=== Task prompt ===
All of the listing should be returned as written, apart from any picture in it.

=== Collected data ===
----
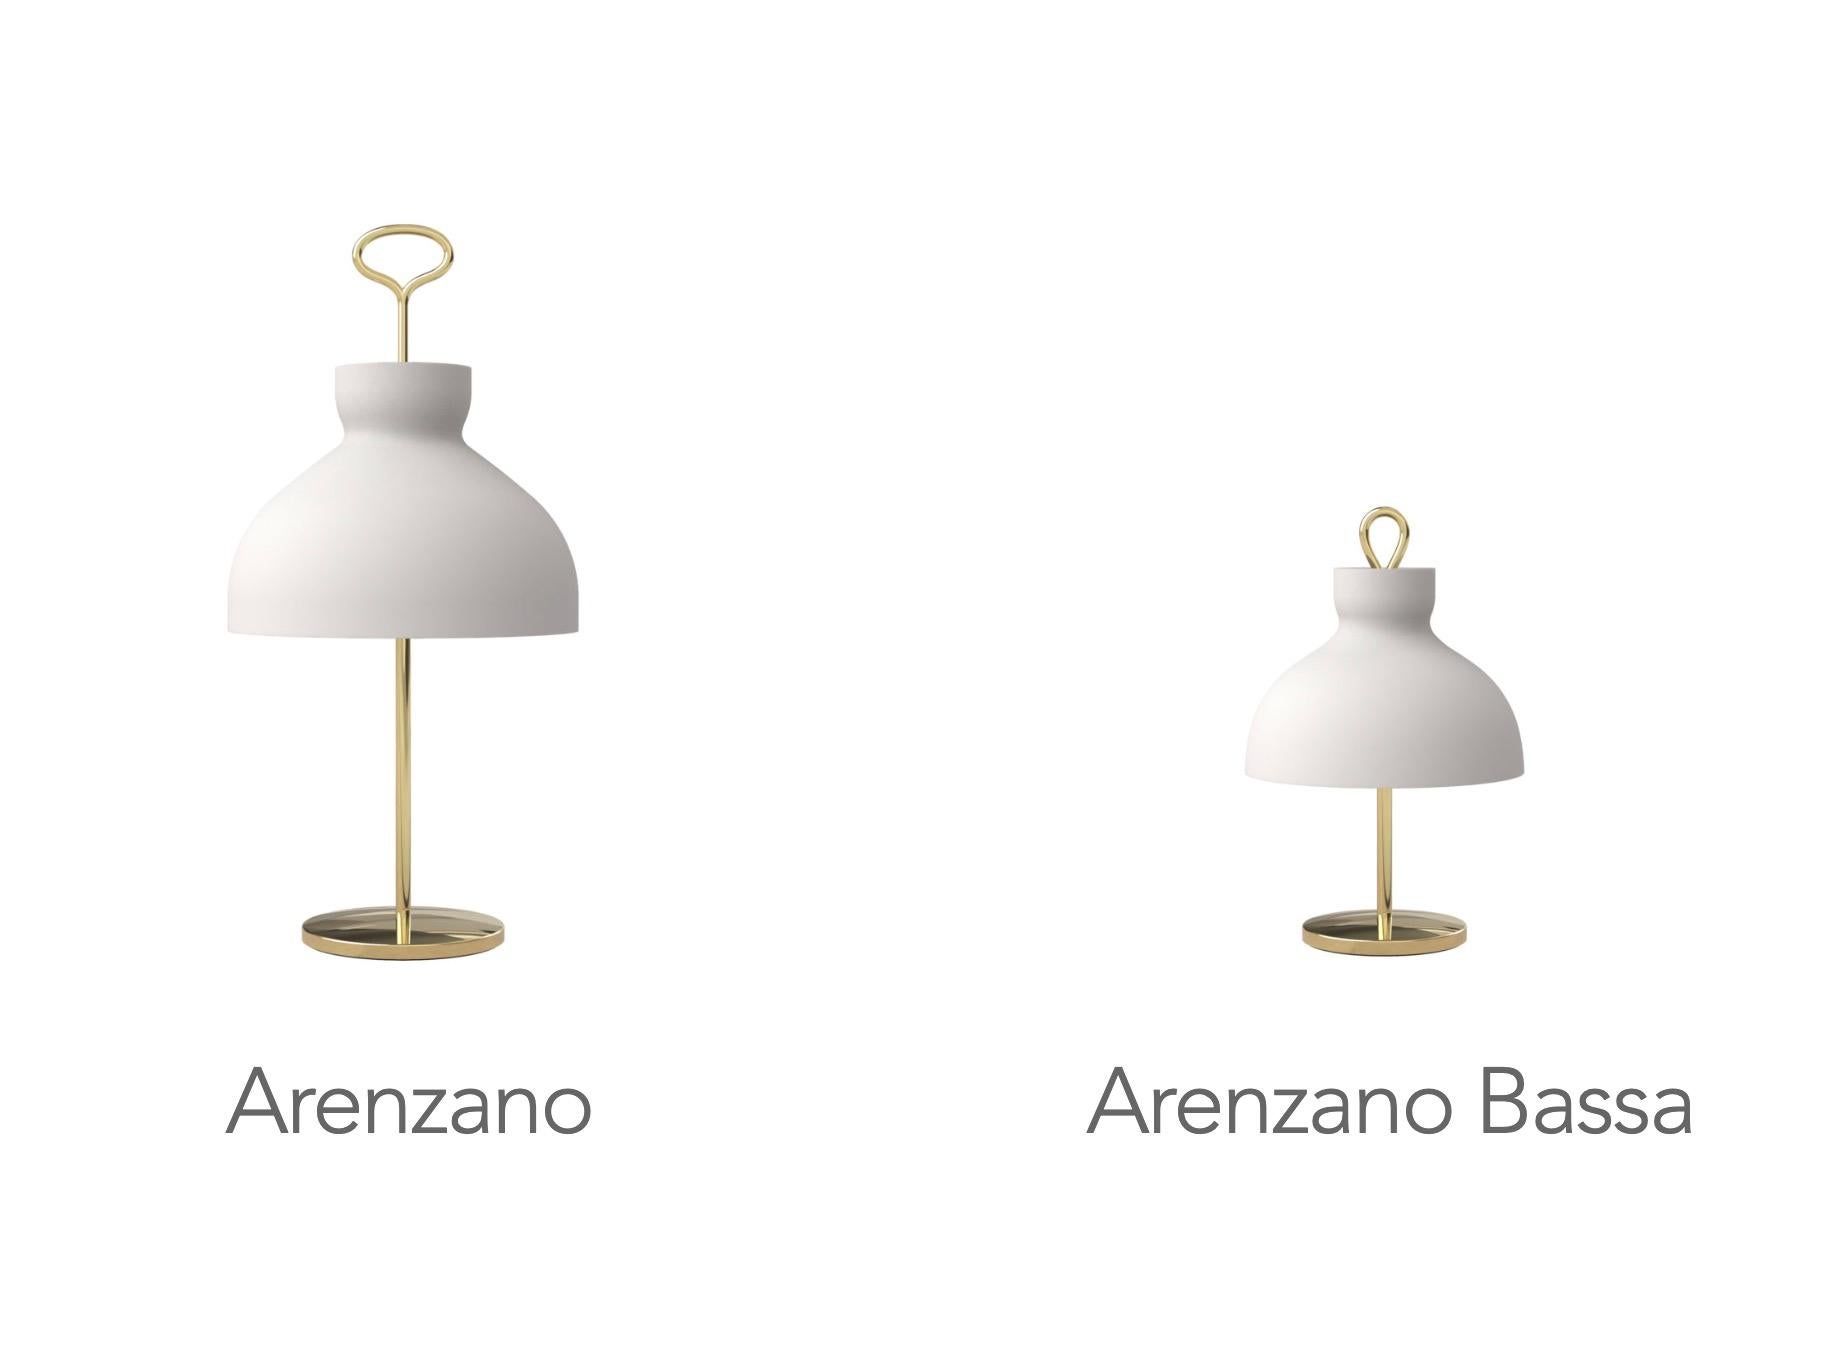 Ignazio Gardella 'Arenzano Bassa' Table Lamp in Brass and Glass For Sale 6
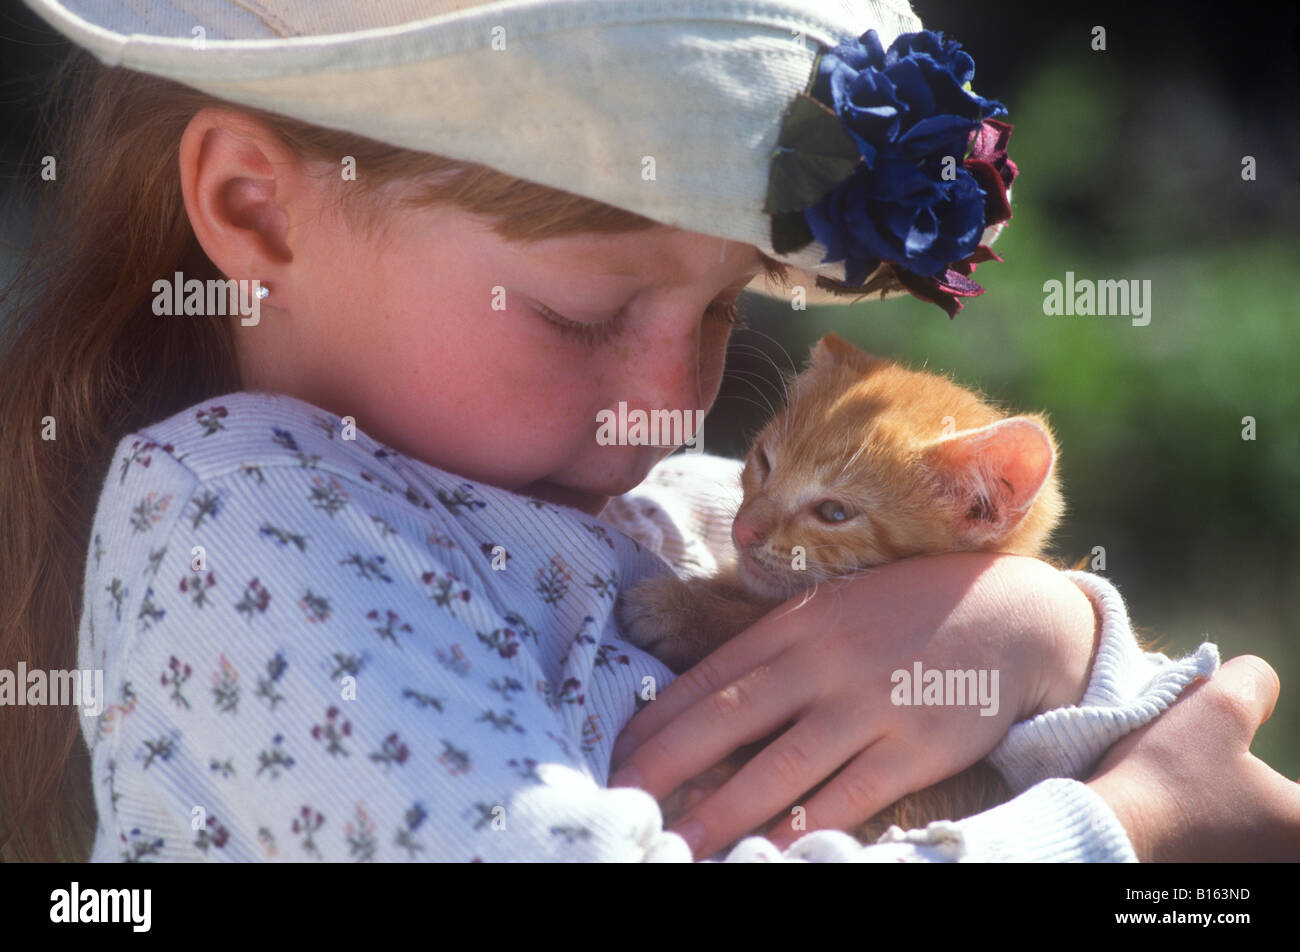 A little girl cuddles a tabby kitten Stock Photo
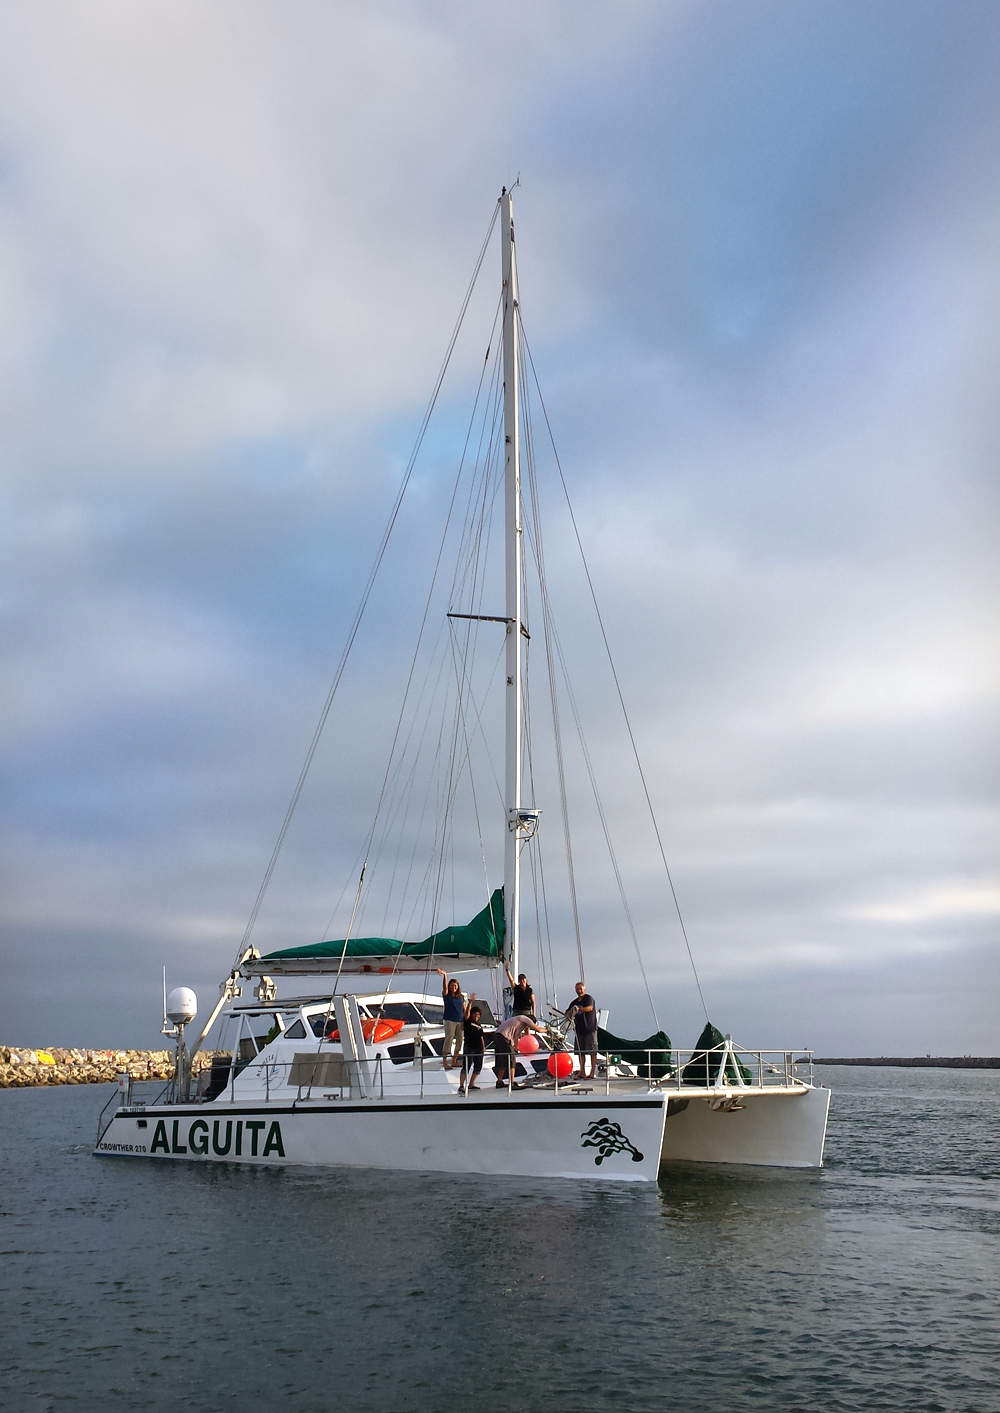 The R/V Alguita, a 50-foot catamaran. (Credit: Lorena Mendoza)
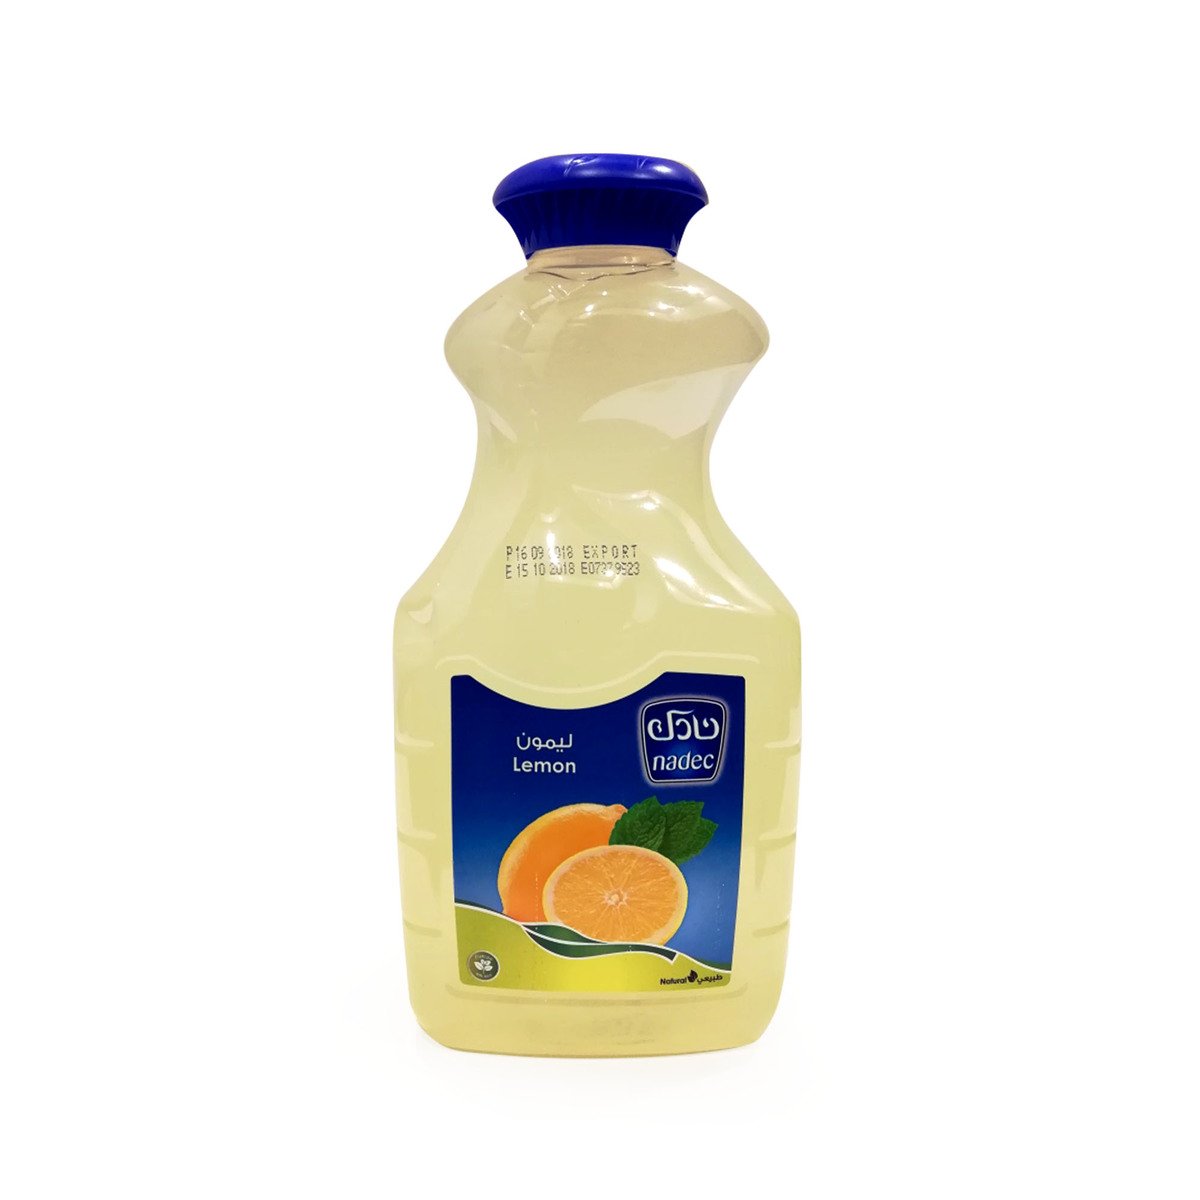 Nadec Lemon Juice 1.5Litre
----
=== Expected answer ===
 Ignazio Gardella 'Arenzano Bassa' Table Lamp in Brass and Glass For Sale 6
 A little girl cuddles a tabby kitten Stock Photo
 The R/V Alguita, a 50-foot catamaran. (Credit: Lorena Mendoza)
 Nadec Lemon Juice 1.5Litre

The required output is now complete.